I have done all the settings for prosody, jicofo, jitsi-meet and videobridge with jetty. But i got two issues

  1. in the JVB log i am getting

JVB 2019-05-16 02:22:21.284 WARNING: [41] org.jitsi.videobridge.EndpointMessageTransport.log() SCTP connection with 71d25d2bce2d860d not ready yet.
JVB 2019-05-16 02:22:21.284 WARNING: [41] org.jitsi.videobridge.EndpointMessageTransport.log() No available transport channel, can’t send a message
JVB 2019-05-16 02:22:21.284 WARNING: [41] org.jitsi.videobridge.EndpointMessageTransport.log() SCTP connection with 2f298e4f4d94541f not ready yet.
JVB 2019-05-16 02:22:21.284 WARNING: [41] org.jitsi.videobridge.EndpointMessageTransport.log() No available transport channel, can’t send a message
JVB 2019-05-16 02:22:21.297 INFO: [44] org.jitsi.videobridge.health.Health.log() Performed a successful health check in 38ms. Sticky failure: false

  1. When i access my domain i am getting error “Uncaught ReferenceError: interfaceConfig is not defined” in chrome browser.

what could be the issue ? I am not getting any exception in any of the logs

#6

This means that ssi includes does not work. Can you give more details about your setup like OS, version, default java, was there any webserver installed before proceeding with jitsi-meet?

#7

This is a local virtual machine with internet and without firewall. I am trying to test jitsi meet first at my local machine and then i am planning to replicate the same in production. My OS is Cent OS 7, i have built jitis-meet, videobridge, jicofo from source and prosody i installd from OS itself. I have apache installed in my OS and i was able use jitsi meet among different users using this setup (Apache 2, Jitsi-meet, videobridge, jicofo and prosody).

But now i was trying to configure the same setup with JETTY without using apache as i have only 443 port open on firewall in the production setup.

#8

Have you configured jetty as the debian packages do?
Like this: https://github.com/jitsi/jitsi-meet/blob/master/debian/jitsi-meet-web-config.postinst#L126 you need to add all those resource stuff.

#9

Yes i have followed that link.

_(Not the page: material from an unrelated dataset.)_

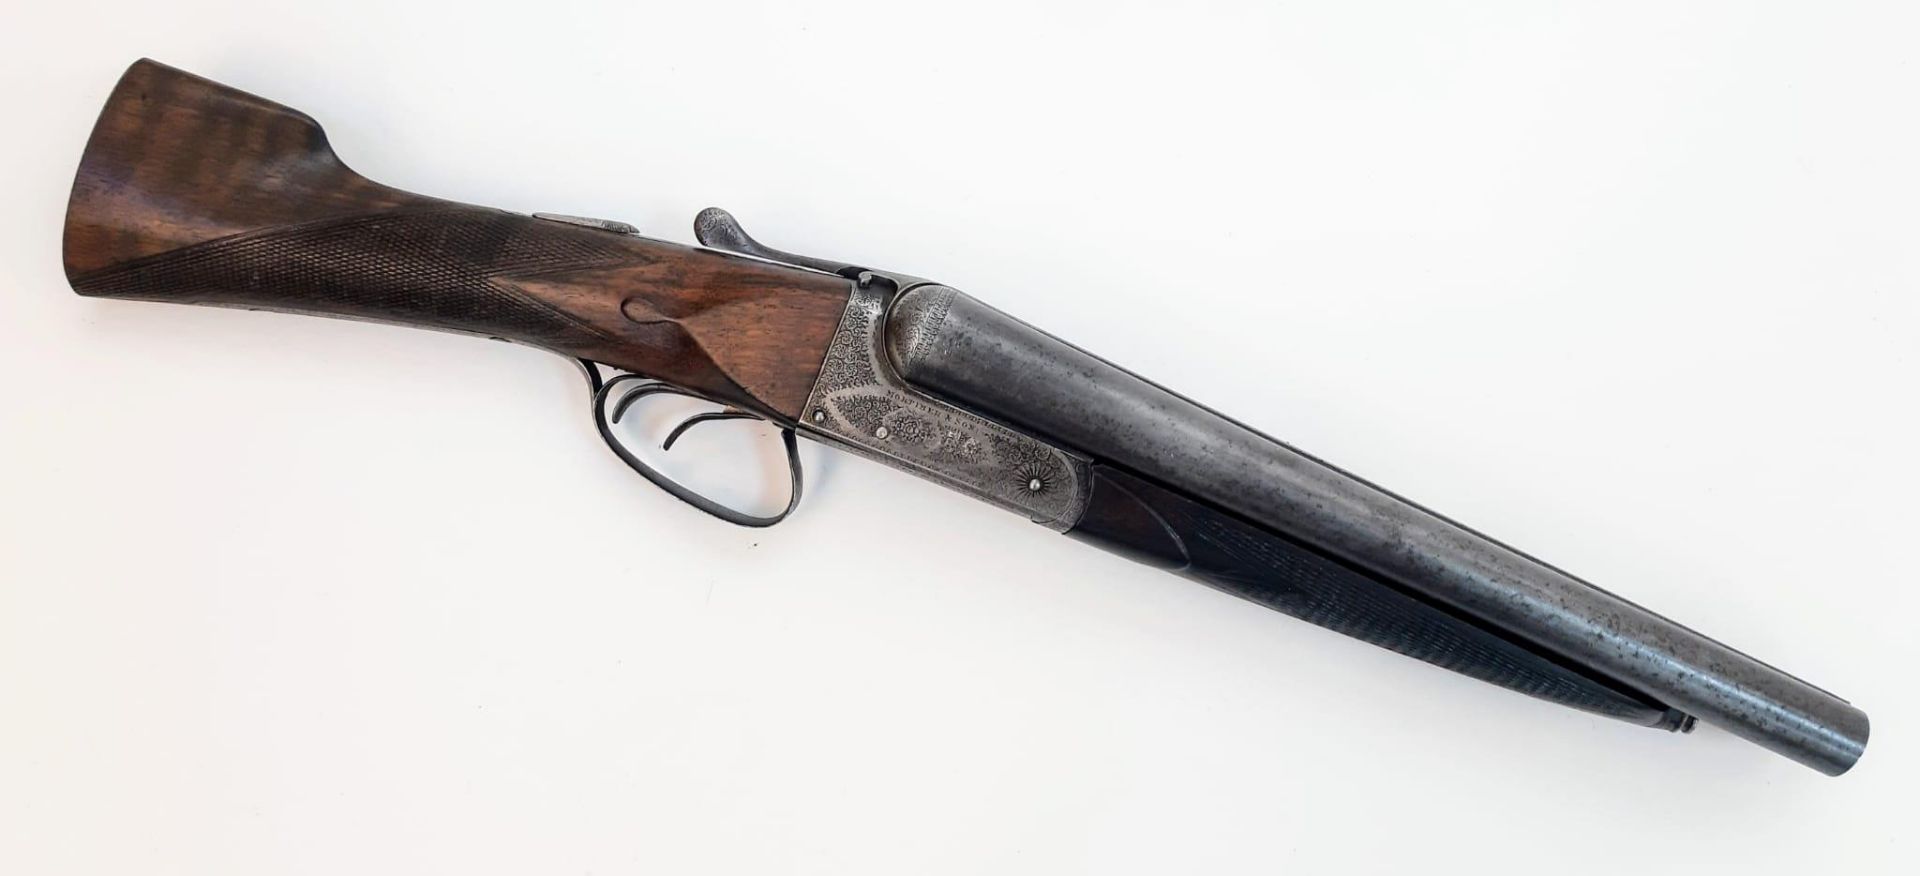 A Vintage Deactivated 12 Gauge Side by Side Sawn-Off Shotgun. This British Mortimer made gun has

Just now i am able to access my jitsi-meet room by replacing <!–#include virtual" with in index.html. Is it fine to modify the index.html file like that.

#10

Thanks damencho for your support. I am able to access and perform conference using the jetty as webserver in the production machine which is mapped to a public ip though behind NAT. i am running the prosody and jicofo in another virtual machine. The setup is working fine though speed is very slow during conference over 443.

Is there any mechanism to use apache as webserve for config.js or jitsi-meet and forward the Media to jvb running on private virtual machine without public IP via apache or any other means ?

Is it possible to run the jvb on private VM with public IP on some other port and when media comes to that port via the public address then it could be forwarded to the private ip of jvb ?

#11

I think there were some modules for nginx that maybe can do this, differentiate http traffic and media traffic… but all those are with a penalty of latency… never have tested it and not sure will those will work at all.

Yes this is possible. You can chenge the announced port and the port the jvb listens for media. https://github.com/jitsi/jitsi-videobridge/blob/master/doc/tcp.md#orgjitsivideobridgetcp_harvester_mapped_port

Mind that when using media over tcp quality will always suffer.

If you want to use media over tcp the best is to configure a turn server that will be used as a tcp relay. The turn server will listen on port 443 with valid certificate and when needed media between turn and client will be tcp 443 and from there coturn server will forward it to jvb.

This is how nowadays meet.jit.si handles tcp fallback.